So, we could get deep into today’s CPI number and separate the components — food’s up X, used cars Y, household furnishings, energy, services and so on — but suffice to say that nothing’s getting any cheaper these days.
The headline number was +7.5% year-on-year, ex-out food and energy and it was +6%. And while CPI entirely misses the mark on things like rental housing increases (get that right and inflation’s notably higher), we’re looking at 1982 inflation even by way of the reported numbers.
And while stocks sold off notably on the news, as you’ll see below (if they hold right here), no big deal so far this morning. I.e., they’re rallying off the lows as I type…
You see, the market these days sees things in a very narrow time window.
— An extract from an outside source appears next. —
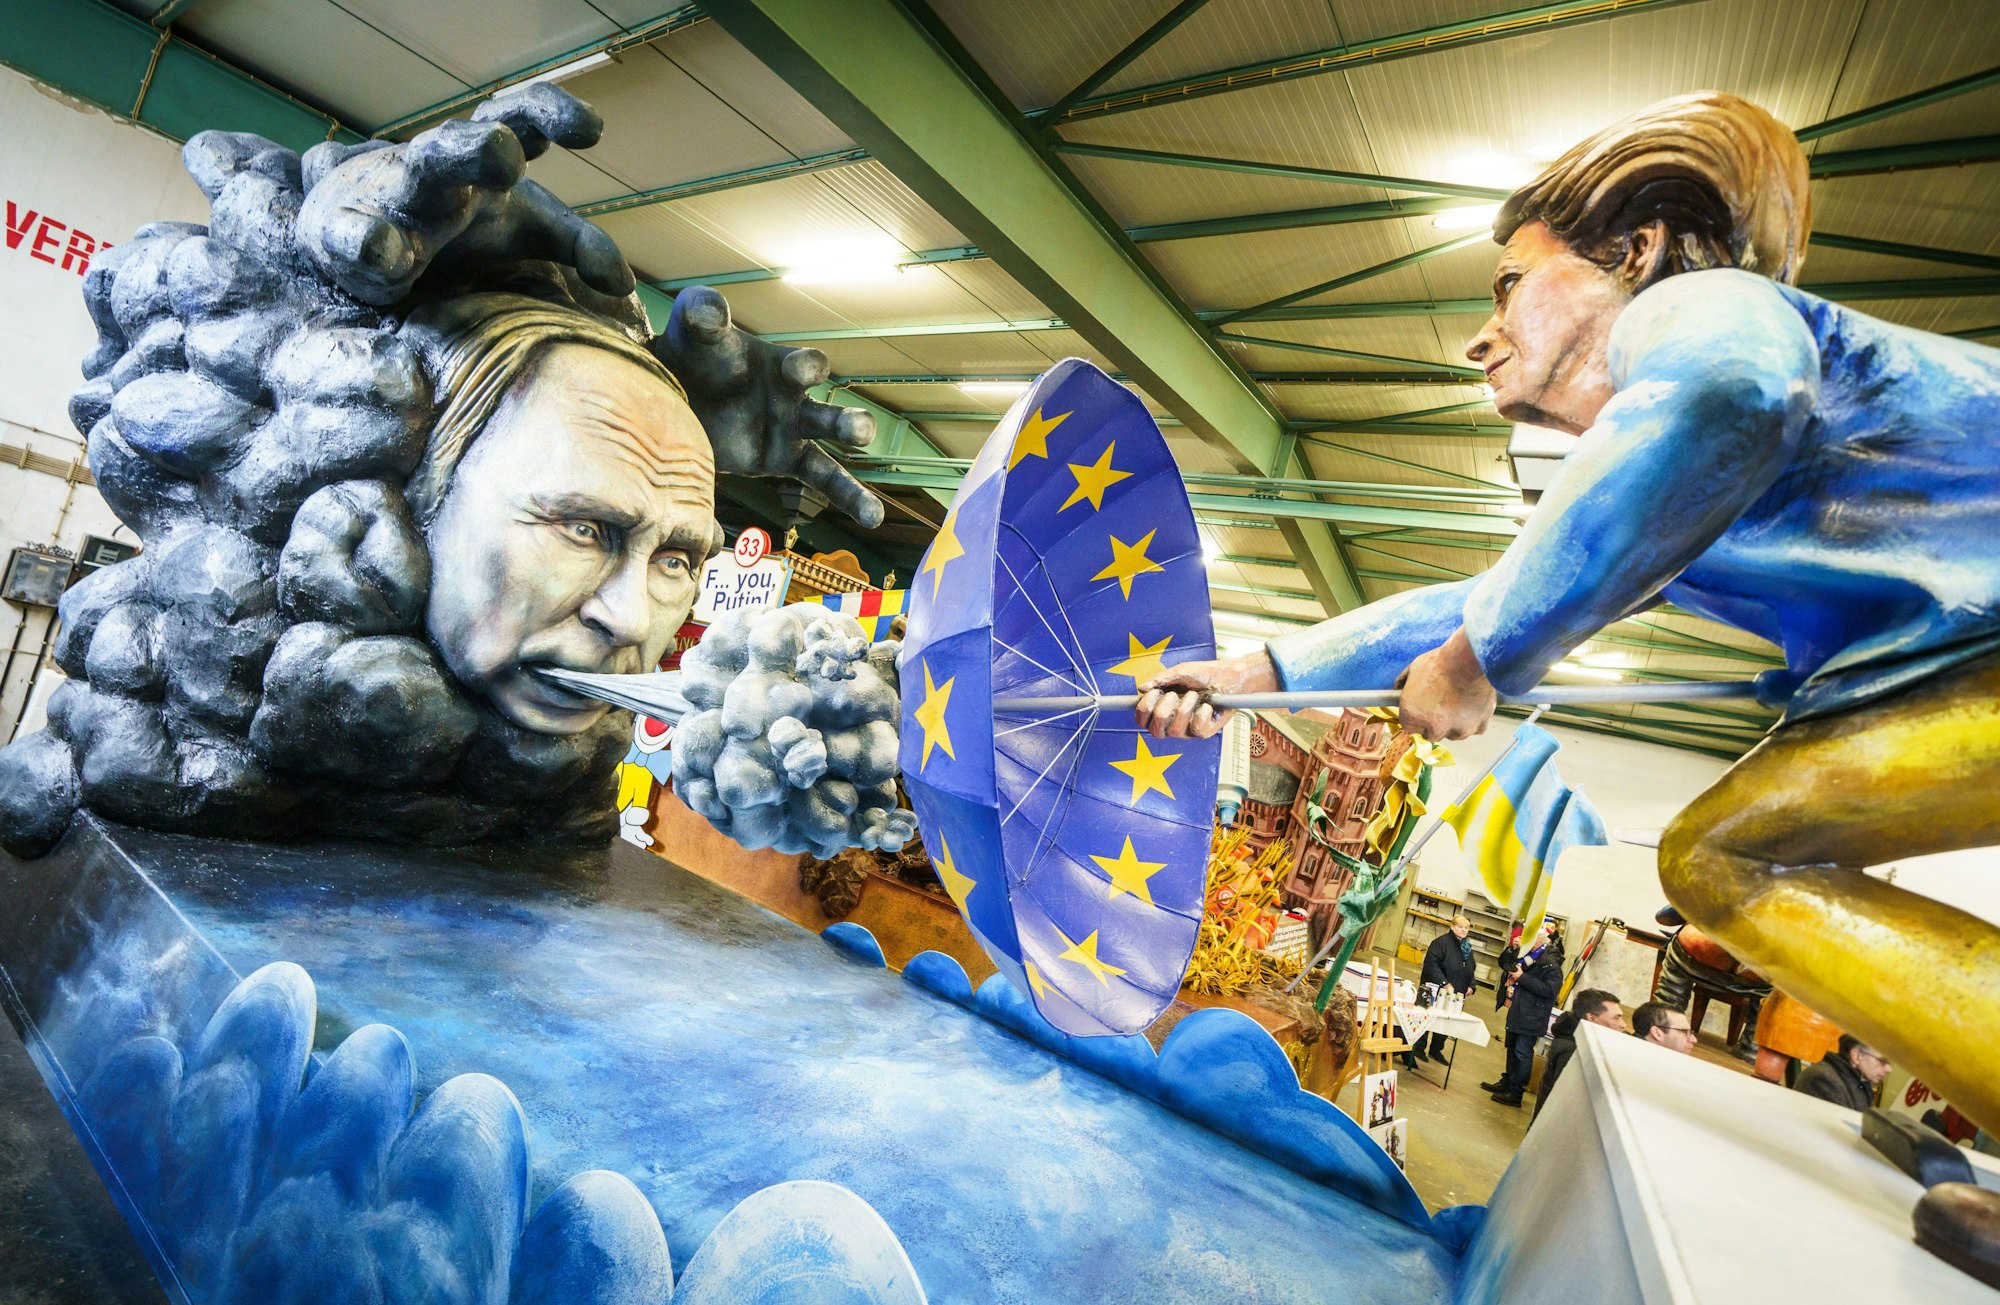 «Scharfer Ostwind» heißt ein Motivwagen der Mainzer Fastnacht. Es zeigt eine Darstellung des russischen Präsidenten Putin, der Wind gegen einen Schirm in den Farben der EU-bläst, der wiederum gehalten wird von der Präsidentin der Europäischen Kommission, Ursula von der Leyen.

And, surely, if “it” looks out just to mid-year, it fully well knows that, say, March-on, year-on-year inflation prints should come notably off the boil.
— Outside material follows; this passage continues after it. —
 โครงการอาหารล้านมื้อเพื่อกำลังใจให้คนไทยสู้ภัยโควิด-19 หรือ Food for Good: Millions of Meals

For example, last January CPI was up 1.4%, by March it was up 2.6%, by April 4.2%, by May 5.0% and by June 5.4%. So, barring an even huger ramp up in the rate of price increases than we’ve seen of late, headline CPI is set to moderate going forward.
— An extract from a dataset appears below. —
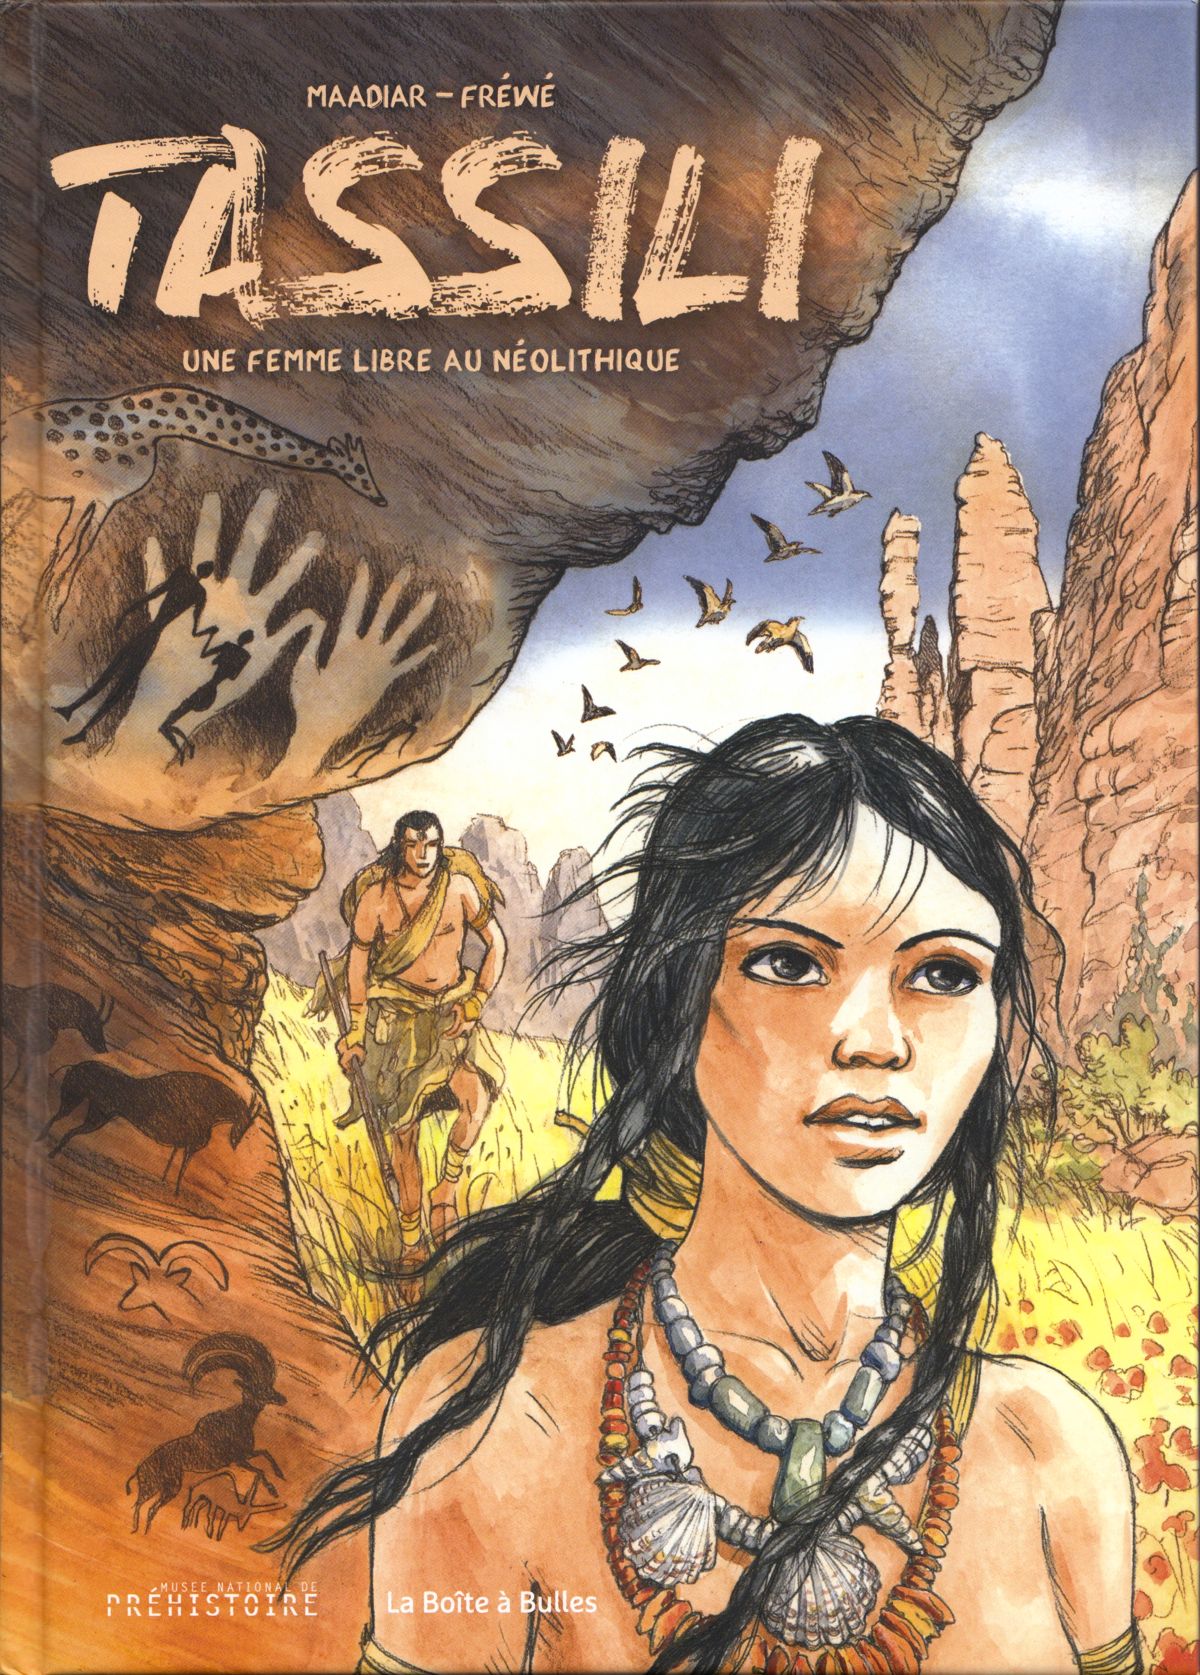 Couverture de la bande dessinée « Tassili, une femme libre au Néolithique » de Maadiar et Fréwé, présentée en avant-première au Musée national de Préhistoire des Eyzies, à l’occasion de la conférence du chercheur Jean-Loïc Le Quellec.

And, one might expect, barring oodles of other risks — geopolitics, mid-term election angst, the Fed tightening policy (and tighten they will [till they crack the markets]) amid weakening data, crazy high tech-sector valuations, and so on — hitting the tape, that stocks will have a decent go of it as the reported inflation numbers abate a bit.
That said, one should in no way take those oodles of other risks the least bit lightly!
Asian equities were mixed overnight, with 7 of the 16 markets we track closing lower.
Same for Europe this morning, with 11 of the 19 bourses we follow in the red as I type.
With banks, materials and energy the only sectors so far in the green, US stocks are, albeit to a small degree among the major averages (save for the tech-heavy Nasdaq), mostly in the red to start the session: Dow down 52 points (0.11%), SP500 down 0.34%, SP500 Equal Weight down 0.09%, Nasdaq 100 down 0.75%, Nasdaq Comp down 0.58%, Russell 2000 up 0.11%.
The VIX sits at 20.64, up 3.41%.
Oil futures are up 1.68%, gold’s flat, silver’s up 0.79%, copper futures are up 1.75% and the ag complex (DBA) is up 0.73%.
The 10-year treasury is down (yield up) and the dollar is up 0.06%.
Among our 39 core positions (excluding cash and short-term bond ETF), 19 — led by Disney, metals miners, Viacom/CBS, oil services stocks and ALB (lithium miner) — are in the green so far this morning. The 20 losers are led lower by Sweden equities, AMD (chip maker), carbon credits, tech stocks and Indian equities.
“A market economy will incessantly revitalize itself from within by scrapping old and failing businesses and then reallocating resources to newer, more productive ones.”
Coincidentally, yesterday afternoon I came across a Project Syndicate article titled The New Crisis of Central Banking:
Here’s a snippet: emphasis mine…
“For the past few decades, central banks have been at the vanguard of a successful campaign to ward off recessions. But even when effective, such efforts frequently involve new and untested instruments with unwanted side effects and hidden costs, some of which could be significant and long-lasting. One well-known casualty is lost productivity, a problem that has probably recurred in the current crisis, as large-scale asset purchases and government subsidies and guarantees propped up companies that otherwise would have failed.”